Everything from the first line below through the line with "Main Image - A.J." is to be transcribed exactly, and nothing past it.

__Given data__

Start of Block

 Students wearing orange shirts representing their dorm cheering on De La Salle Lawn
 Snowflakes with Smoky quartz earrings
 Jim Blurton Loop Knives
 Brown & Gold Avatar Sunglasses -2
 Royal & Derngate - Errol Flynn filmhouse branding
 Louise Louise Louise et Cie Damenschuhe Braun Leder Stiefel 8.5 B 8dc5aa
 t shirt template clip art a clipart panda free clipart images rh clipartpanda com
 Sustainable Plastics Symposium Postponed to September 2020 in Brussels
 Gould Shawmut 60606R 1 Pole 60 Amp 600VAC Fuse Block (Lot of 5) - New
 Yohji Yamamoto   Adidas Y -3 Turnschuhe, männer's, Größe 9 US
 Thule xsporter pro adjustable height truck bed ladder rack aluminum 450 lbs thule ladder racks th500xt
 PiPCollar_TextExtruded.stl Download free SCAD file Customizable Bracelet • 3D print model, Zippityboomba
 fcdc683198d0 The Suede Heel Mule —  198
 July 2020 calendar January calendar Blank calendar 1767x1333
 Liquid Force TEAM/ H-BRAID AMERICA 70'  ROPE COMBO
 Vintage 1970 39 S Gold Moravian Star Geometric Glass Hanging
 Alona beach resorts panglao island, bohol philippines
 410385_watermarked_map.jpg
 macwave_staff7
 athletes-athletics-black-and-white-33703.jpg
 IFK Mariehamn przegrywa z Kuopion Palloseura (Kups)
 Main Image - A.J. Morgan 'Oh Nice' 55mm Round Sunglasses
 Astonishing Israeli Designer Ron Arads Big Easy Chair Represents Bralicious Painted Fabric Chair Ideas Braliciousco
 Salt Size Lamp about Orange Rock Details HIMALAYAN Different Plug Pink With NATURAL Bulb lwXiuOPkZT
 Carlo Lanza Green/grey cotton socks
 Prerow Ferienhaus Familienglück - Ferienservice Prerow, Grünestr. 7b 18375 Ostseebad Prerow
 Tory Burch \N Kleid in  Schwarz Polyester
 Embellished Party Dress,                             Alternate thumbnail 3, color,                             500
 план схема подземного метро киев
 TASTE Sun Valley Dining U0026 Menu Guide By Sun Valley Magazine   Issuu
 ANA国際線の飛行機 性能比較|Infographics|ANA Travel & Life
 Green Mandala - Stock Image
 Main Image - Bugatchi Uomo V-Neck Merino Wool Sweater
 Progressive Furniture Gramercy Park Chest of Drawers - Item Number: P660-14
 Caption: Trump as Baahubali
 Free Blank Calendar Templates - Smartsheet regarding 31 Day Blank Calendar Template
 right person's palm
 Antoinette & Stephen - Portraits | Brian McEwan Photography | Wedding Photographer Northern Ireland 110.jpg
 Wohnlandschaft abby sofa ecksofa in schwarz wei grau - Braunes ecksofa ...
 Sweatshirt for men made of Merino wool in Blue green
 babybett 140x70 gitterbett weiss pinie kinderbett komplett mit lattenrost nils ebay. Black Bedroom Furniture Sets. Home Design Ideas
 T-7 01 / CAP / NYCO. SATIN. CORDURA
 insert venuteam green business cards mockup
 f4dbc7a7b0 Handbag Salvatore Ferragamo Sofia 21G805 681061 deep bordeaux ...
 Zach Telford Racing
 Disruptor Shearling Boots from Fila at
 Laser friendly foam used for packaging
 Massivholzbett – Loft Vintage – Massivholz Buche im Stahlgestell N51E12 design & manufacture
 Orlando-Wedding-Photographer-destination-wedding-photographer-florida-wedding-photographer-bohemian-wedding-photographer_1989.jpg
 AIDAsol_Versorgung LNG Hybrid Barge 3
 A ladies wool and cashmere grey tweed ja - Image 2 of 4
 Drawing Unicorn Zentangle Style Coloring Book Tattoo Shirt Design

End of Block

__Answer box__
 Students wearing orange shirts representing their dorm cheering on De La Salle Lawn
 Snowflakes with Smoky quartz earrings
 Jim Blurton Loop Knives
 Brown & Gold Avatar Sunglasses -2
 Royal & Derngate - Errol Flynn filmhouse branding
 Louise Louise Louise et Cie Damenschuhe Braun Leder Stiefel 8.5 B 8dc5aa
 t shirt template clip art a clipart panda free clipart images rh clipartpanda com
 Sustainable Plastics Symposium Postponed to September 2020 in Brussels
 Gould Shawmut 60606R 1 Pole 60 Amp 600VAC Fuse Block (Lot of 5) - New
 Yohji Yamamoto   Adidas Y -3 Turnschuhe, männer's, Größe 9 US
 Thule xsporter pro adjustable height truck bed ladder rack aluminum 450 lbs thule ladder racks th500xt
 PiPCollar_TextExtruded.stl Download free SCAD file Customizable Bracelet • 3D print model, Zippityboomba
 fcdc683198d0 The Suede Heel Mule —  198
 July 2020 calendar January calendar Blank calendar 1767x1333
 Liquid Force TEAM/ H-BRAID AMERICA 70'  ROPE COMBO
 Vintage 1970 39 S Gold Moravian Star Geometric Glass Hanging
 Alona beach resorts panglao island, bohol philippines
 410385_watermarked_map.jpg
 macwave_staff7
 athletes-athletics-black-and-white-33703.jpg
 IFK Mariehamn przegrywa z Kuopion Palloseura (Kups)
 Main Image - A.J. Morgan 'Oh Nice' 55mm Round Sunglasses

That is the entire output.